Résumé
Qu’est-ce que l’approche de l’alimentation par les sciences humaines et sociales (food studies) doit aux concepts de civilisation et d’identité ? Pour tenter de répondre trois mouvements veines scientifiques seront explorés (1) le « processus de civilisation » de Norbert Elias et ses enracinements théoriques dans la sociologie allemande qui distingue « culture » et « civilisation », (2) les « influences entre civilisations » de Maxime Rodinson et leur place dans les controverses entre l’islamologie mystique et le marxisme des années 1960, enfin (3) « l’entrecroisement des civilisations » de Roger Bastide et ses relations à l’anthropologie française.
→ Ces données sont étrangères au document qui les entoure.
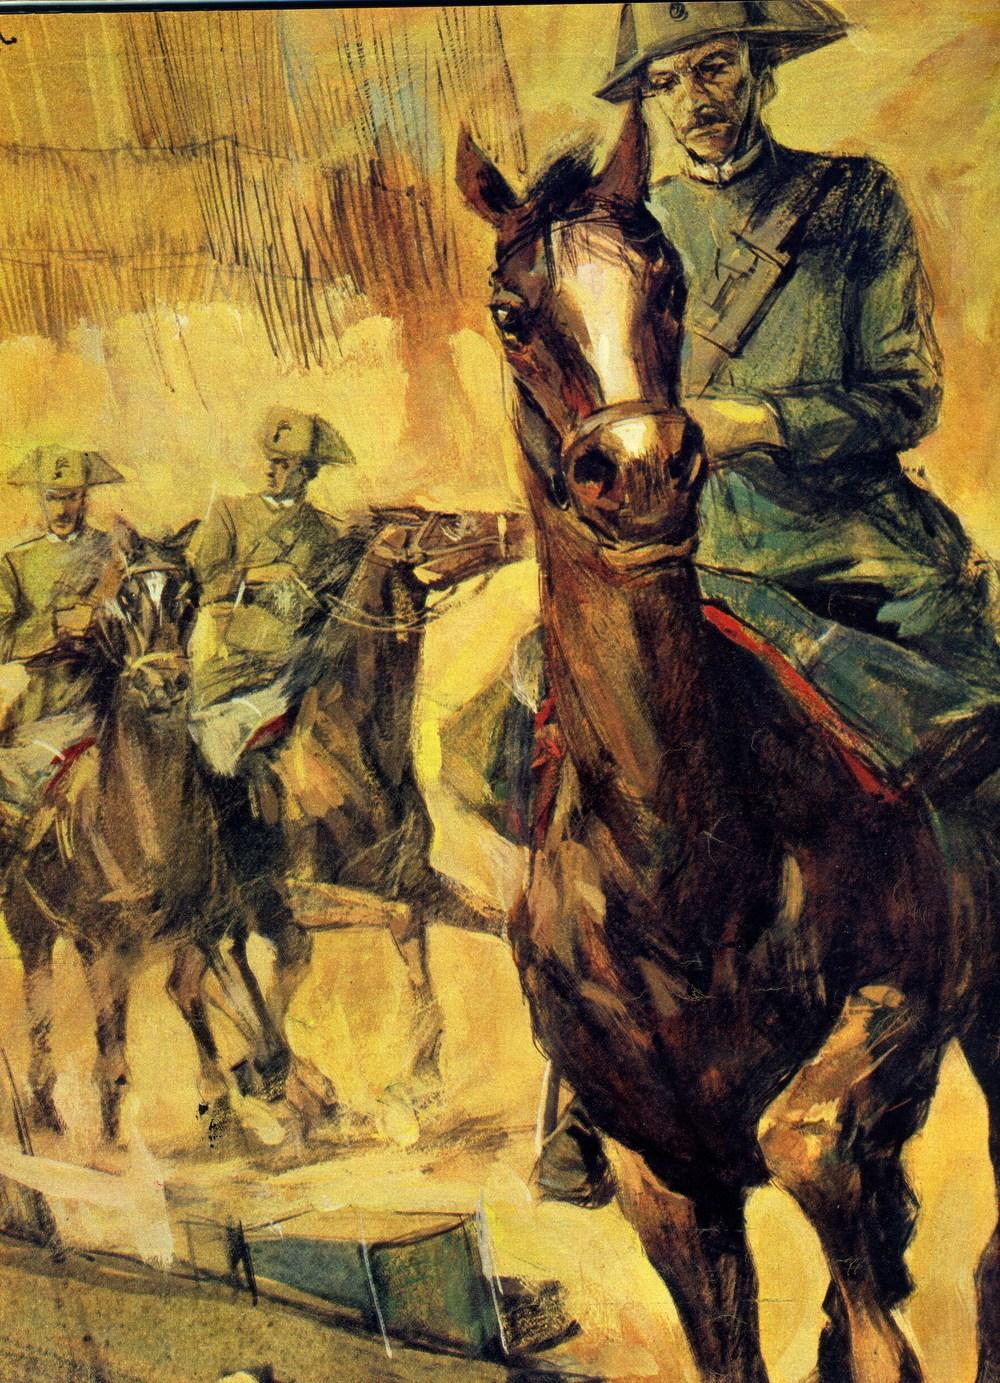 I primi Carabinieri a cavallo entrano in Gorizia liberata il 9 agosto del 1916 (particolare dalla tavola del pittore Alfonso Artioli)
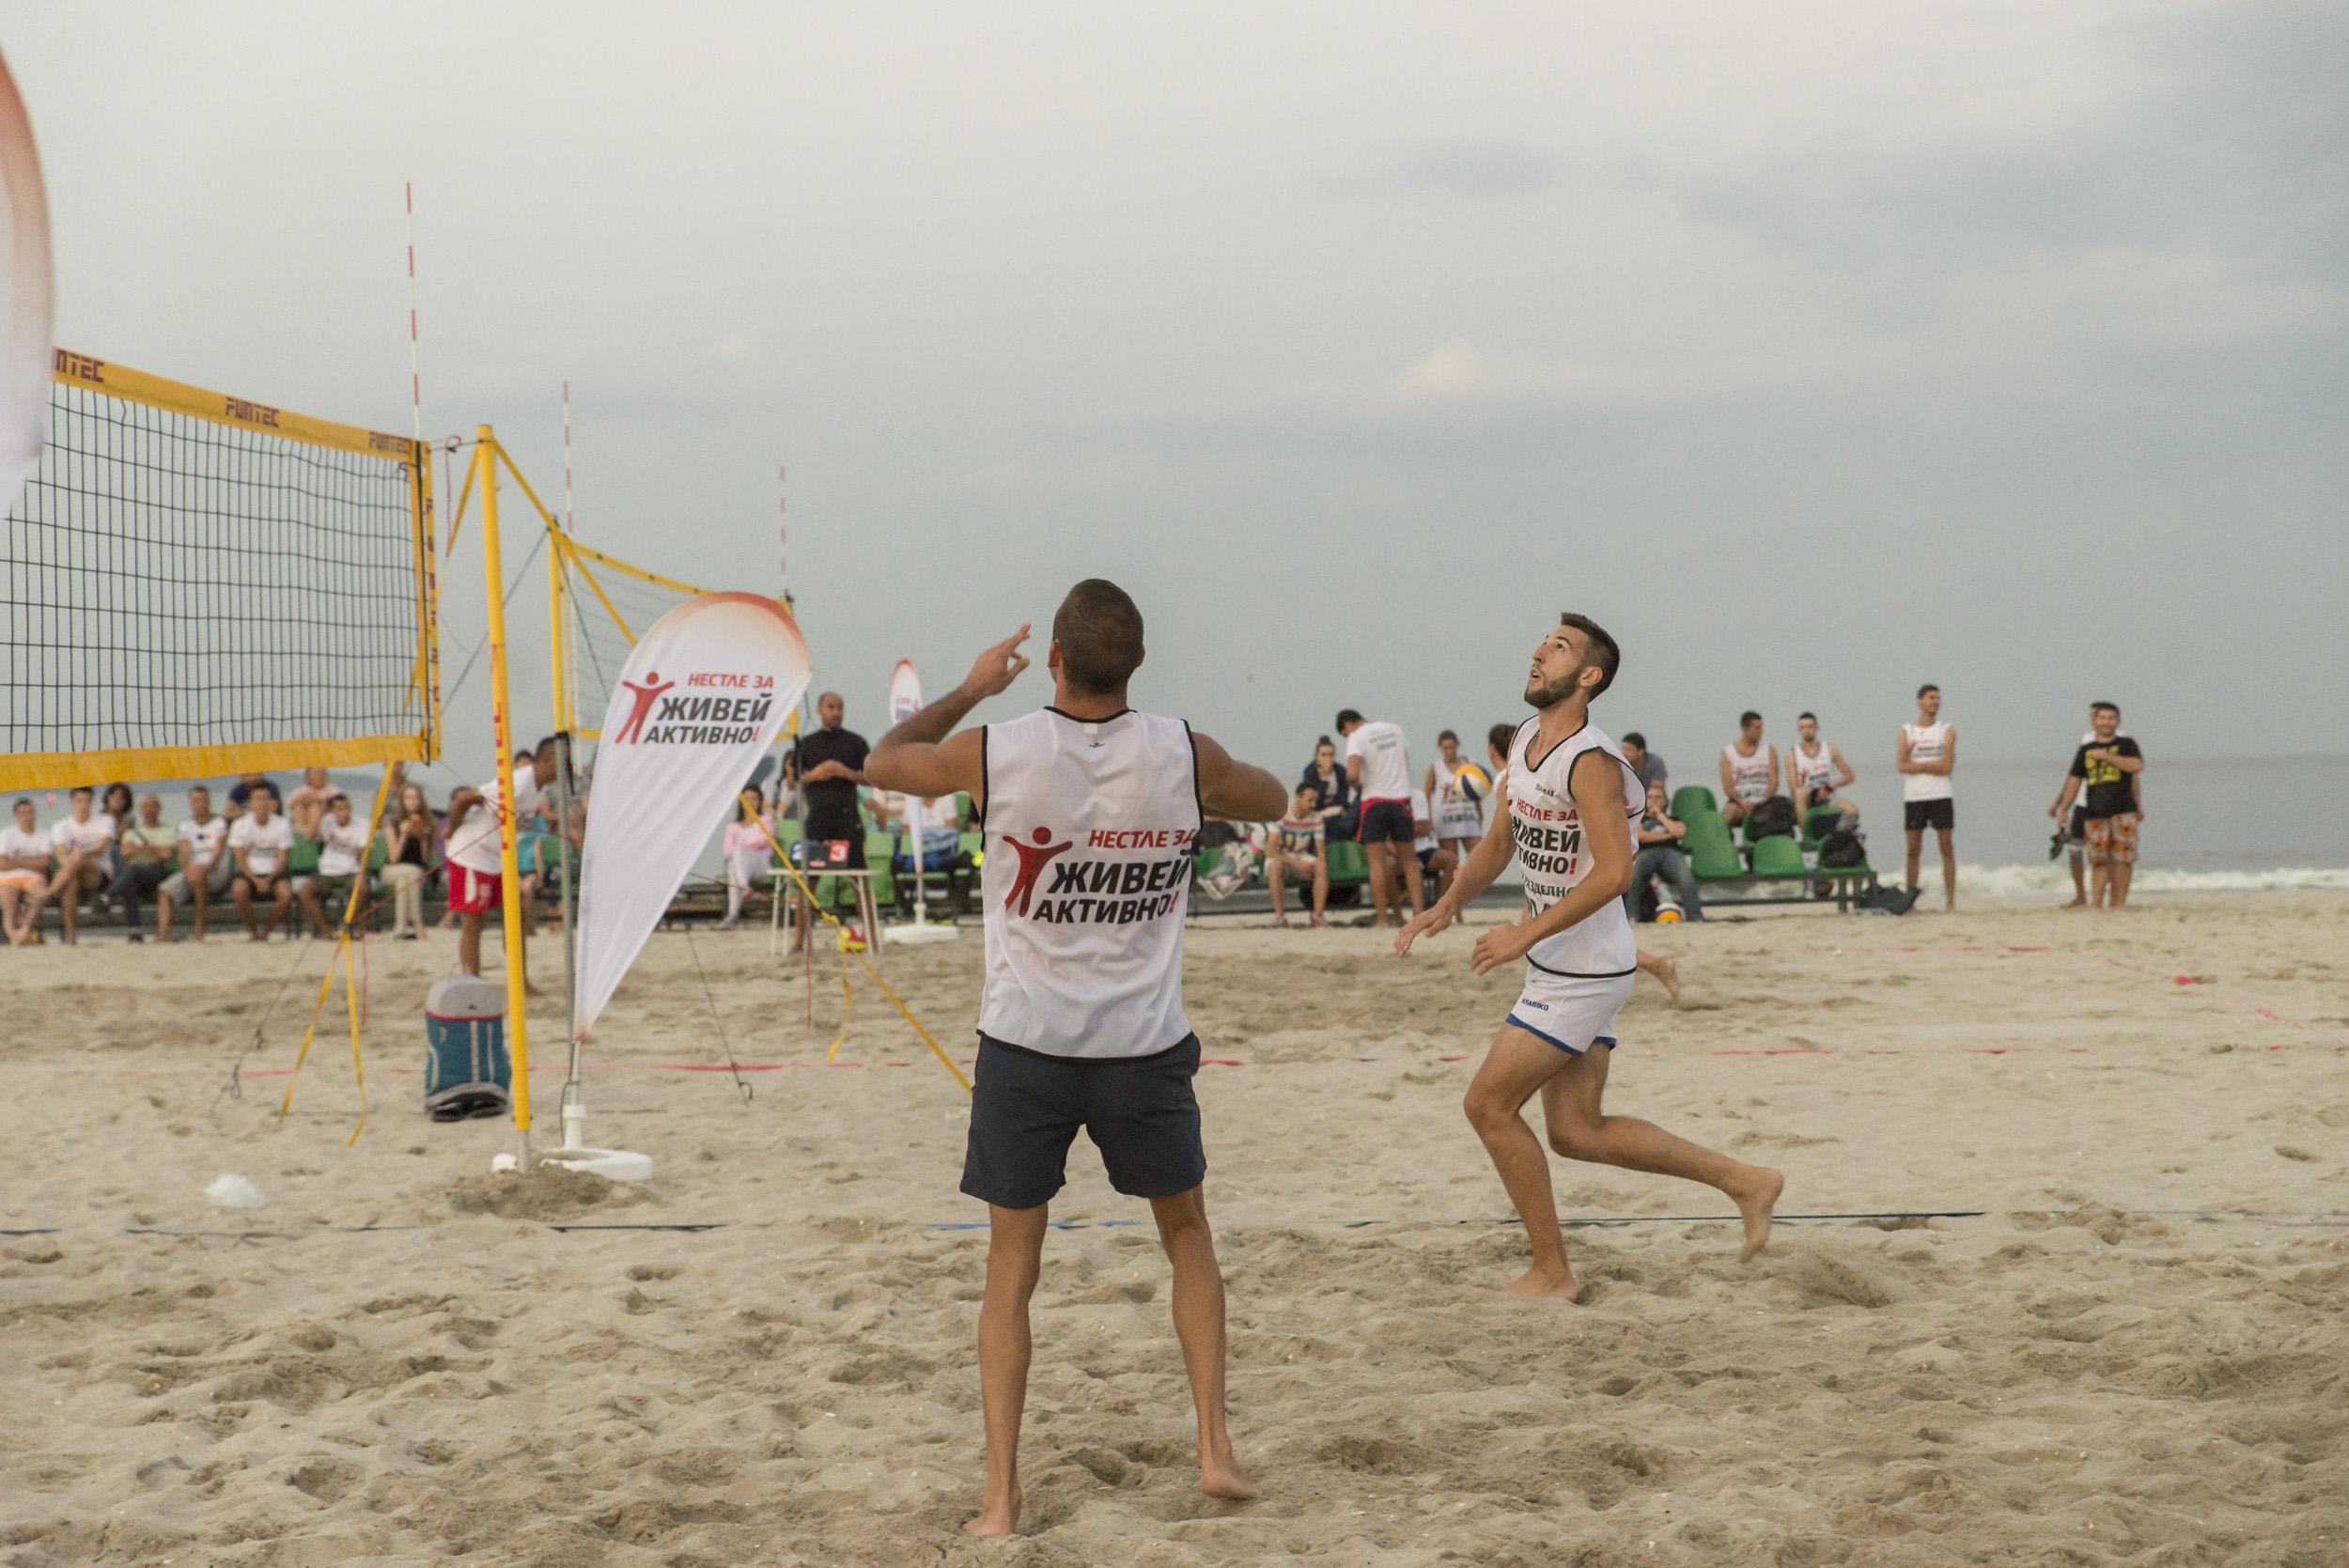 Нестле за Живей Активно! продължава волейболната традиция на варненци на 15 август 141
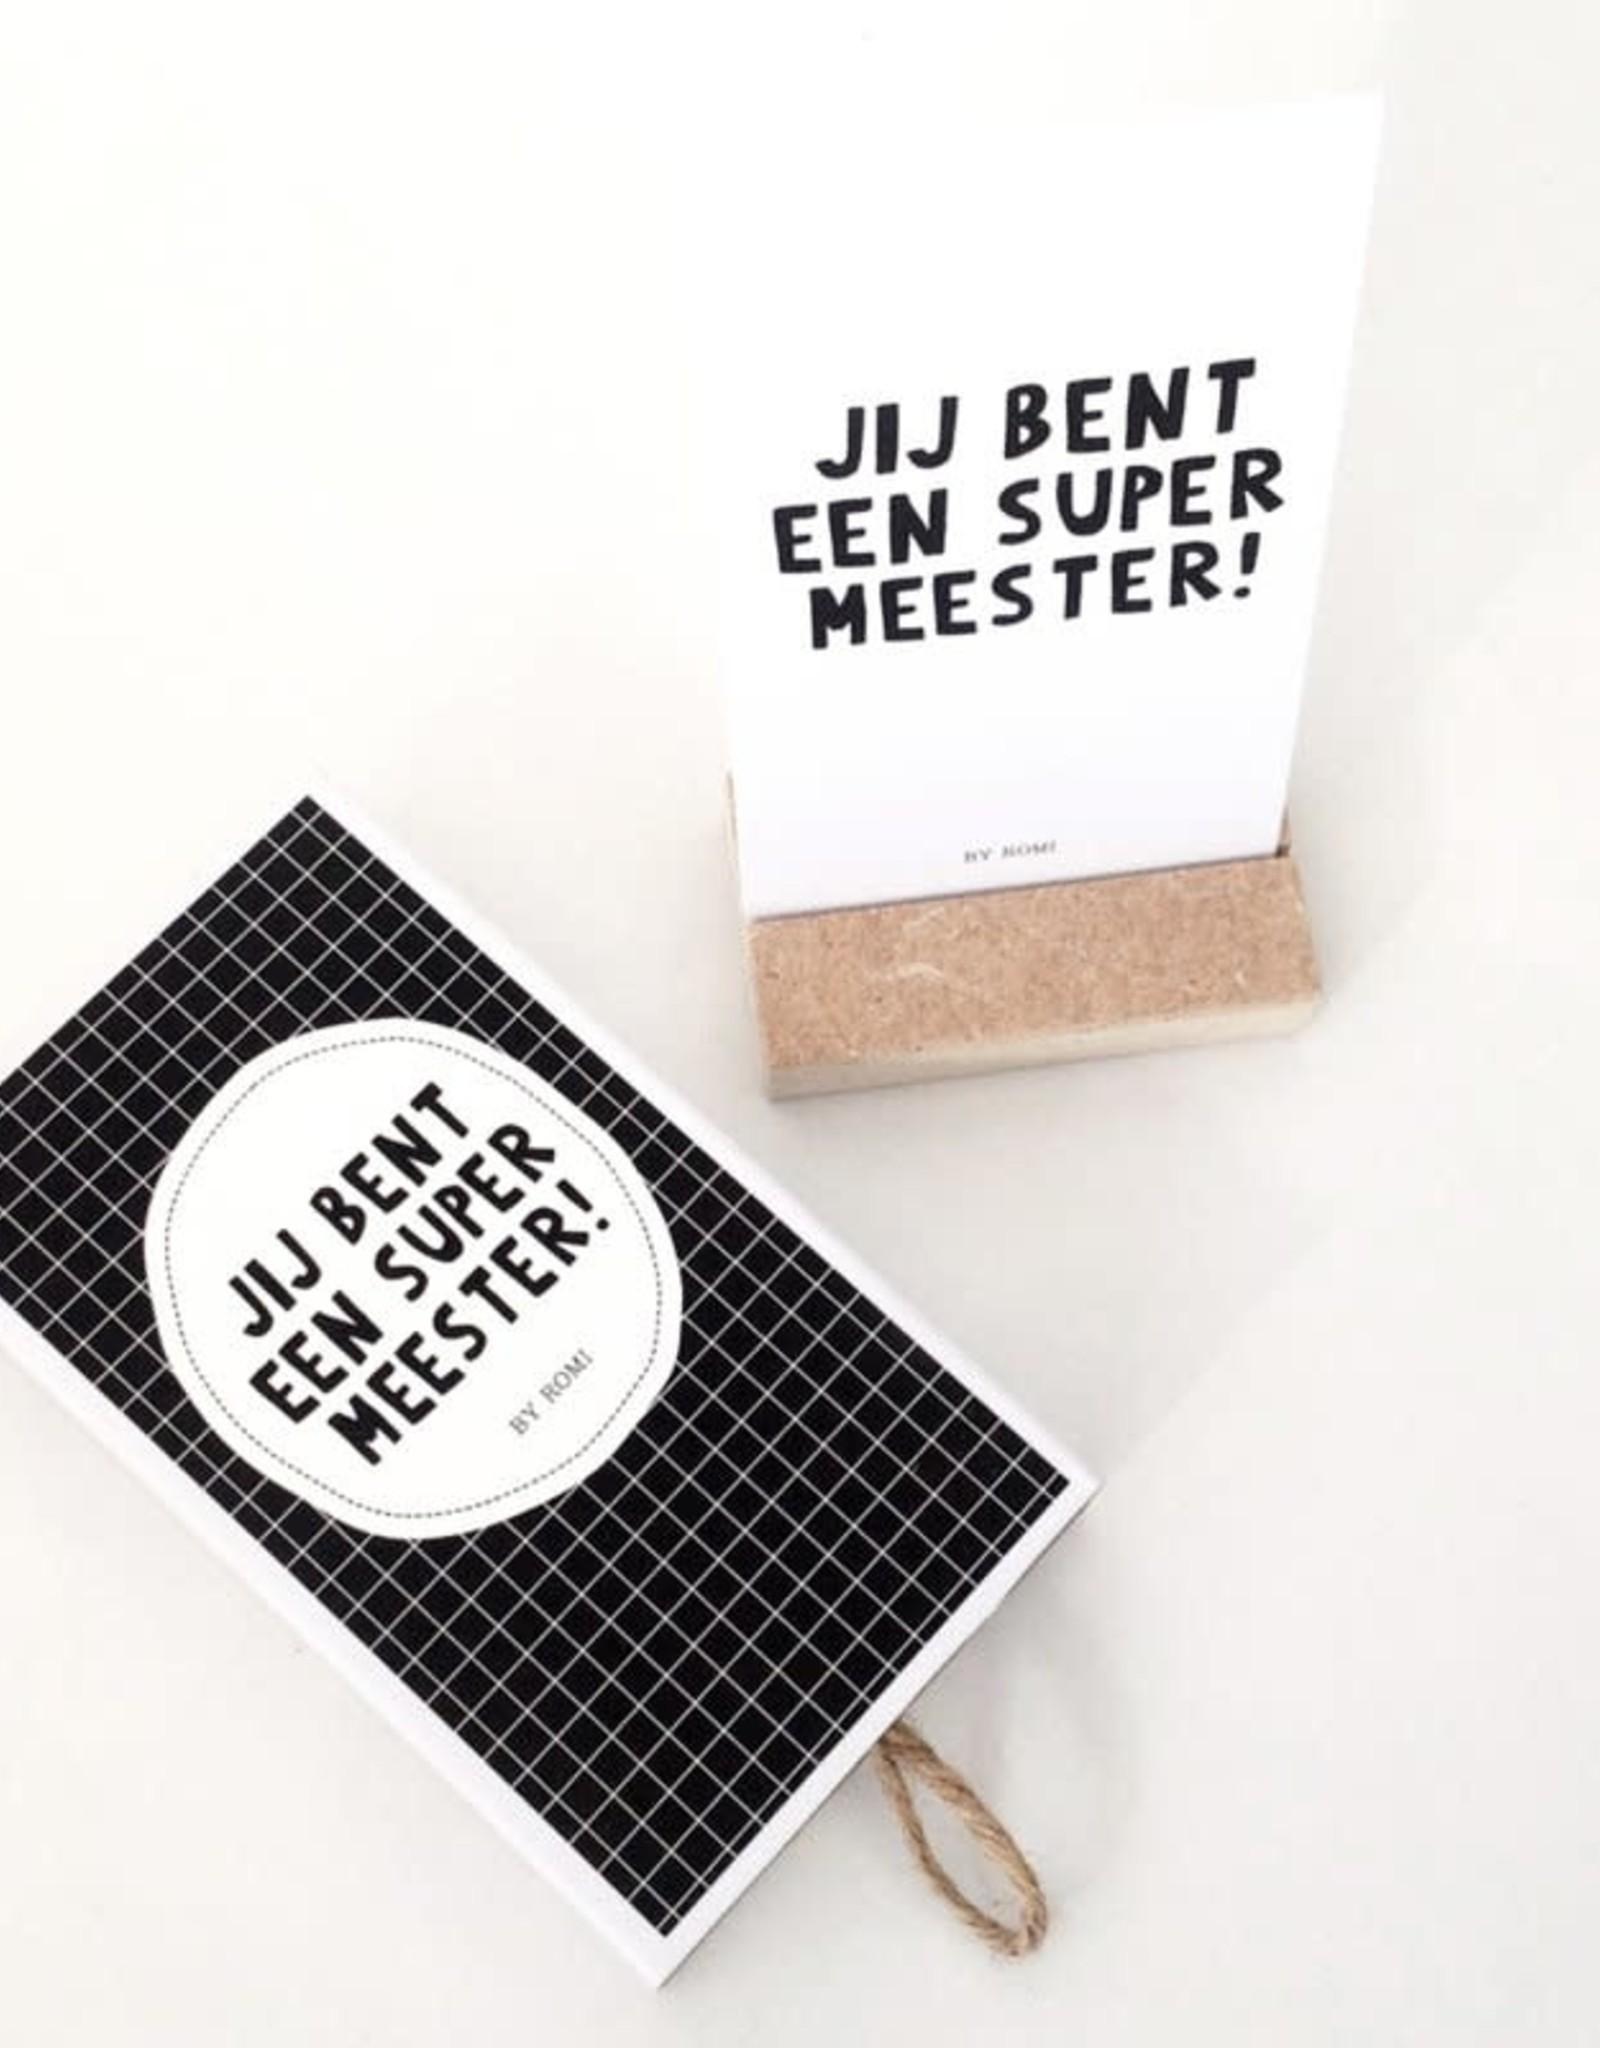 By romi: Wensdoosje Meester / Jij bent een supermeester

Outre les enracinements théoriques sera questionnée la place de l’alimentation dans le rapport à l’empirie au sein de ces trois veines, les traités de bonnes manières et les appareils de normes sociales pour Elias, les livres de cuisine et les pratiques culinaires pour Rodinson ou les aliments dans les rituels afro-brésiliens et les systèmes symboliques pour Bastide. Enfin, l’analyse des relations entre le(s) concept(s) d’identité et de civilisation permettra de voir les contributions de la sociologie de l’alimentation et des food studies qui tentent de dépasser les tautologies du culturalisme en posant les modèles alimentaires comme lieu de lecture, d’entretien, de transmission et de (re)construction des identités sociales.